ASSIGNMENT ::
Leave out the pictures and output the data verbatim.

RECORDED DATA ::
★ ★ ★ ★

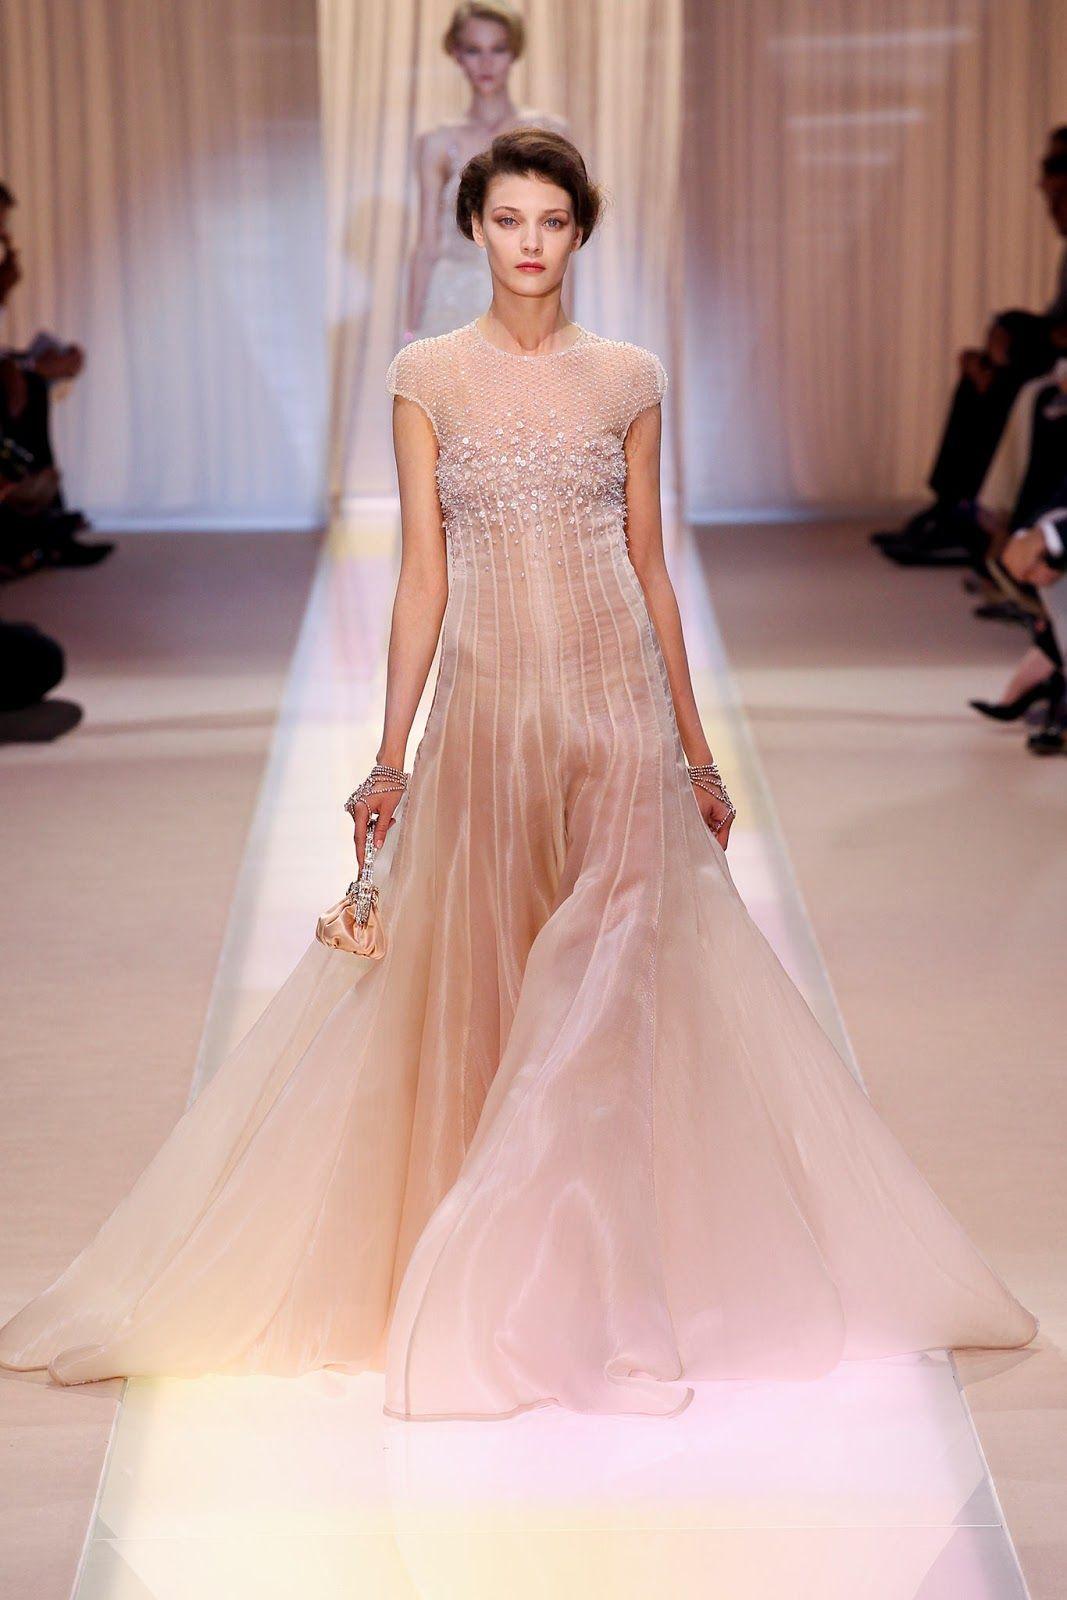 Christian Dior / Haute Couture Fall/Winter 2014 | Christian dior ...
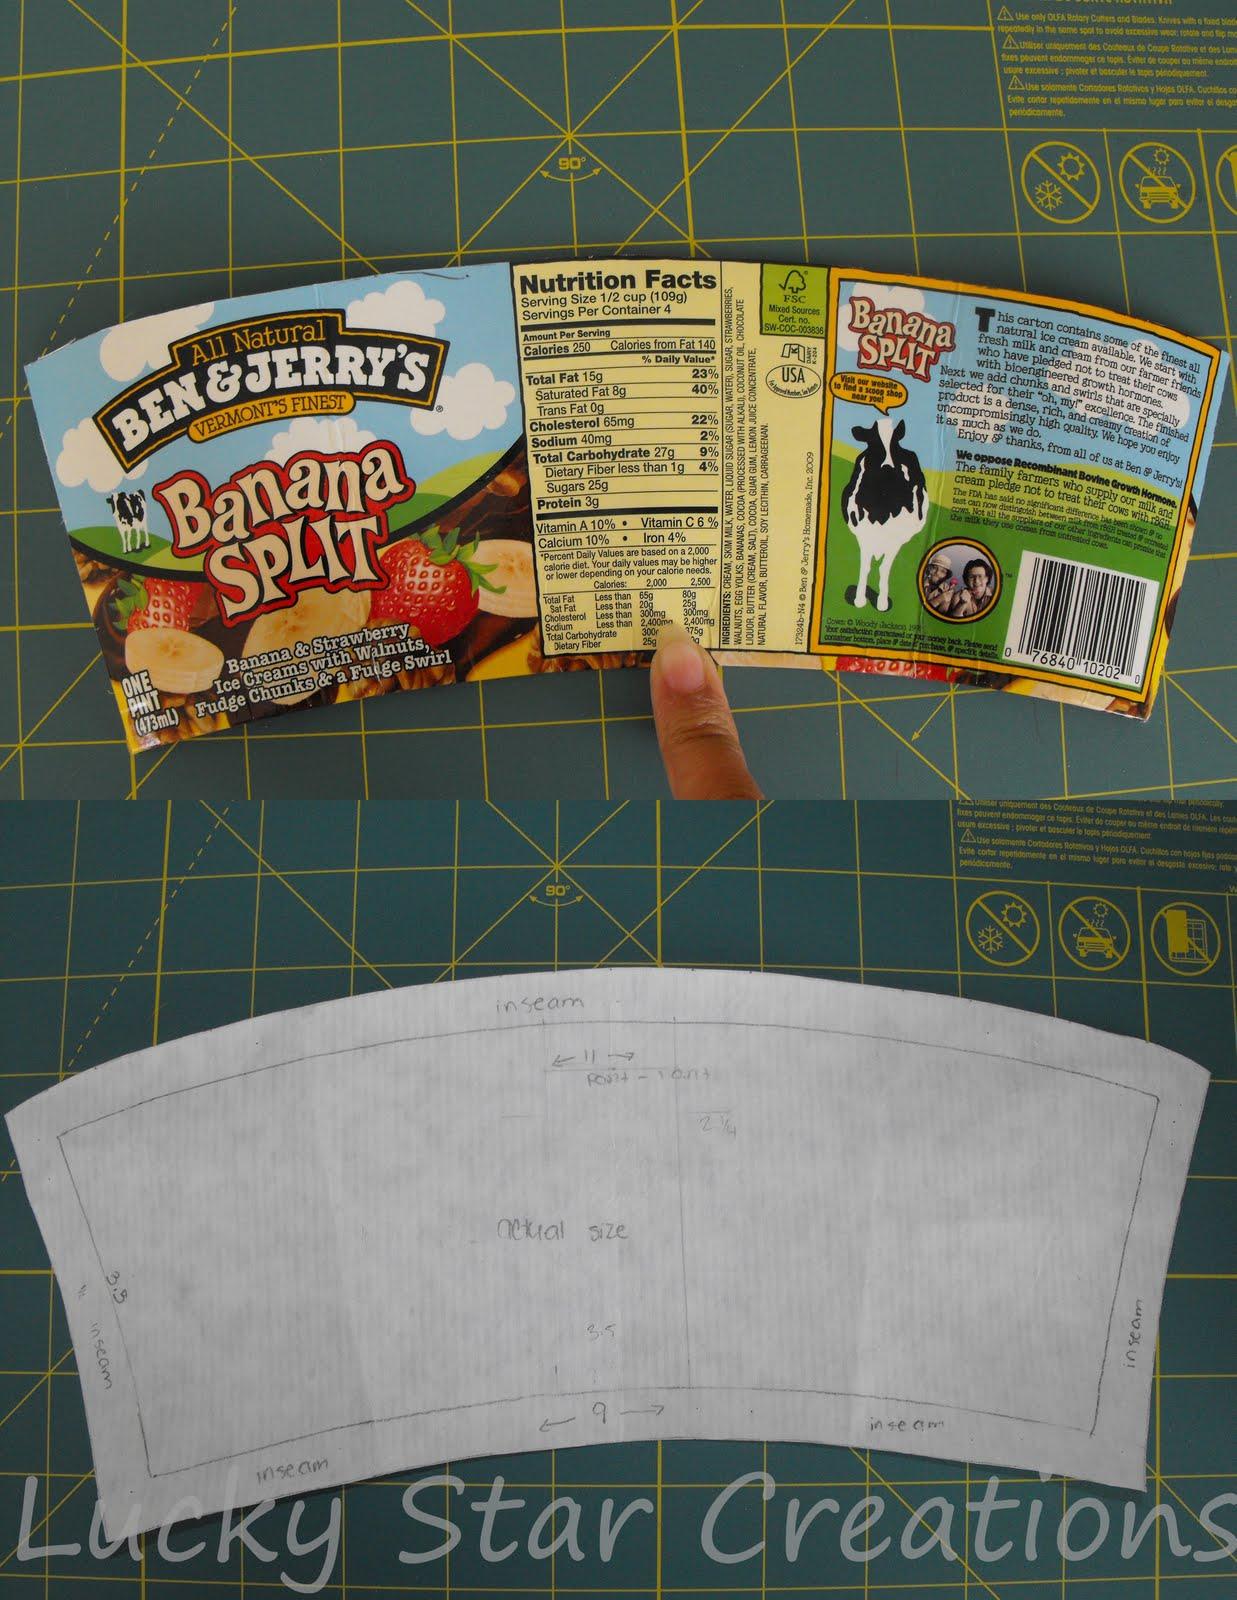 Lucky Star Creations: The Blog: Ice Cream Pint Holder
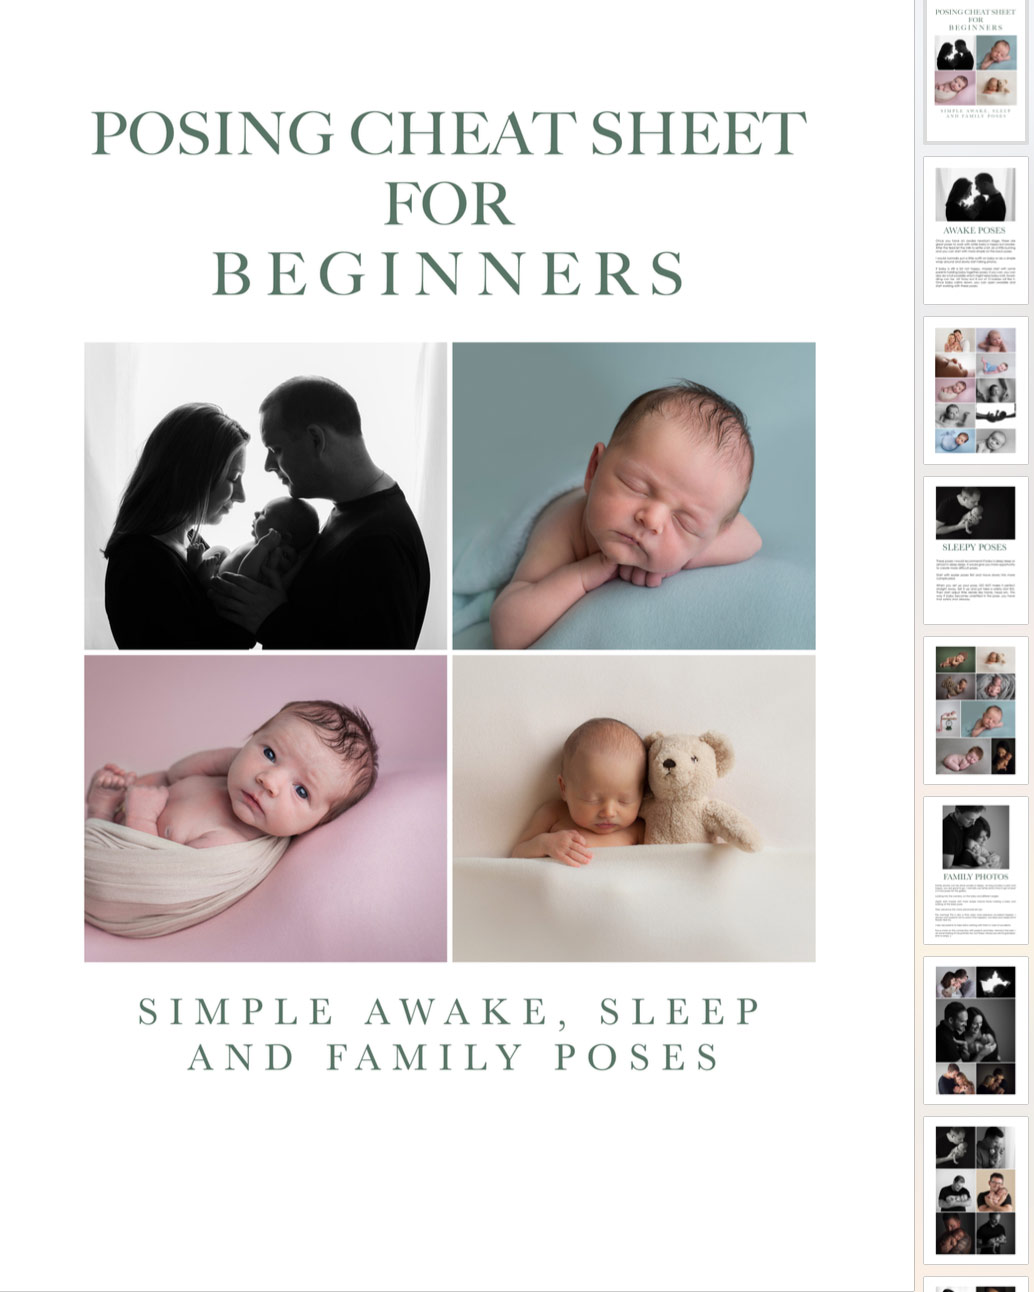 newborn poses cheat sheet for beginners
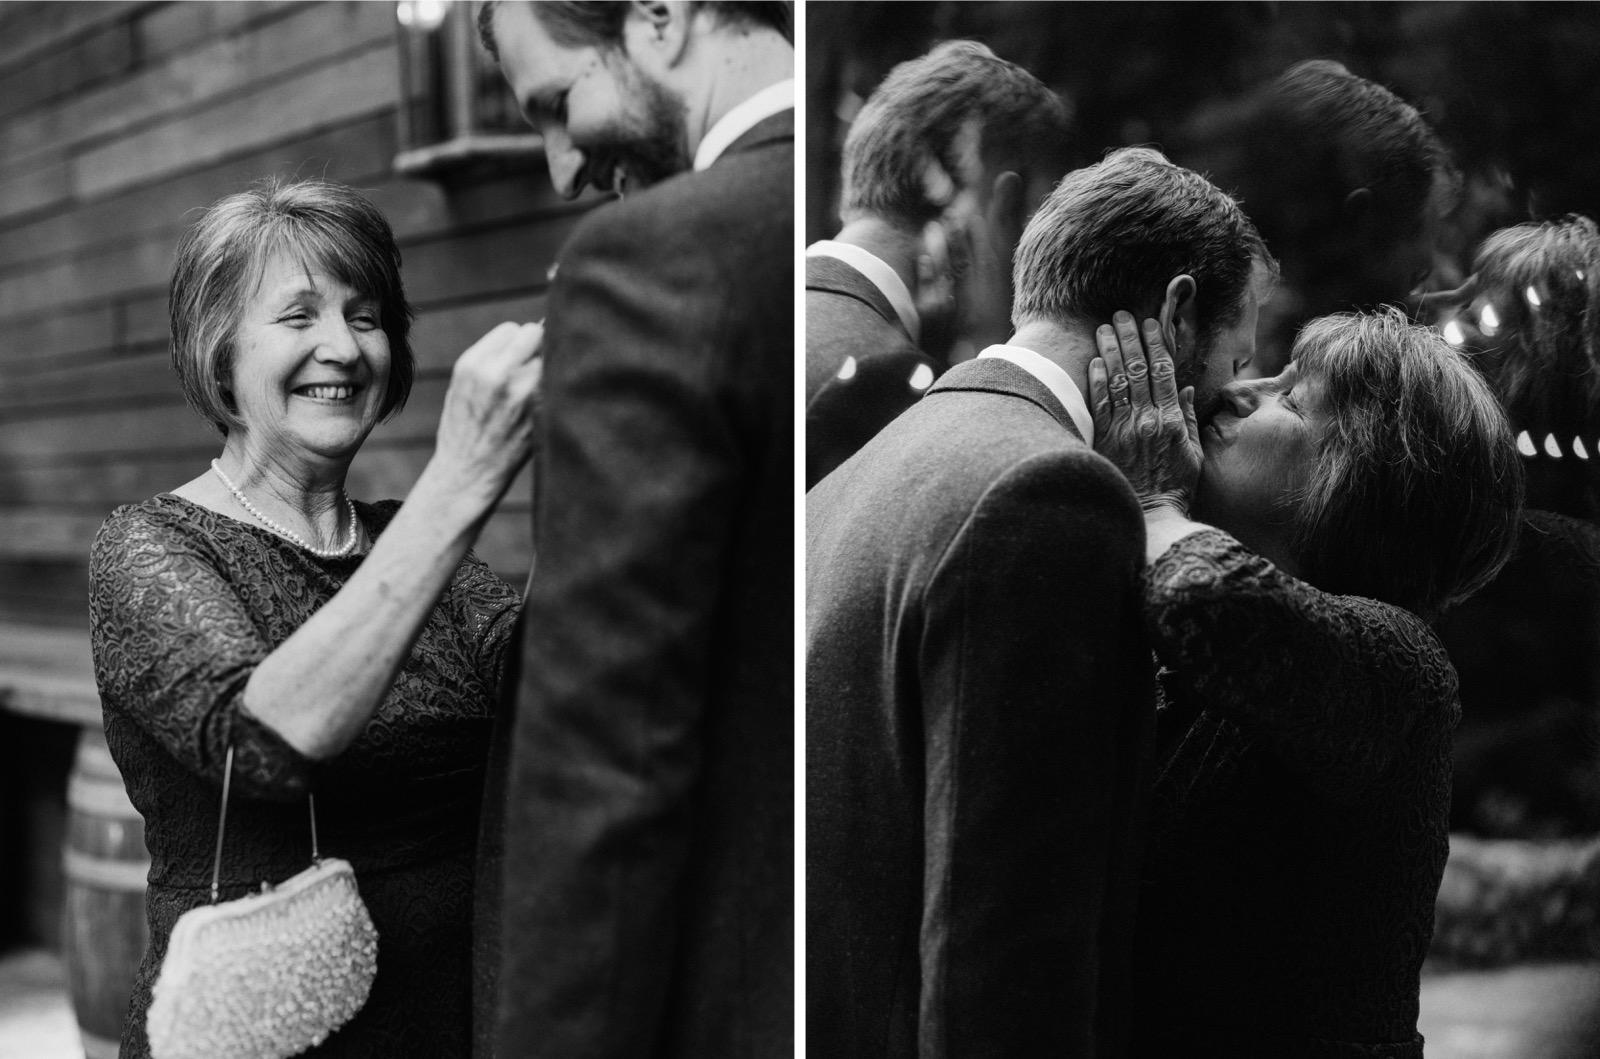 039_Emily & Jeff Wedding 0293_Emily & Jeff Wedding 0290_mother_moments_wedding

★ ★ ★ ★

THE COMPLETED TASK ::
 Christian Dior / Haute Couture Fall/Winter 2014 | Christian dior ...
 Lucky Star Creations: The Blog: Ice Cream Pint Holder
 newborn poses cheat sheet for beginners
 039_Emily & Jeff Wedding 0293_Emily & Jeff Wedding 0290_mother_moments_wedding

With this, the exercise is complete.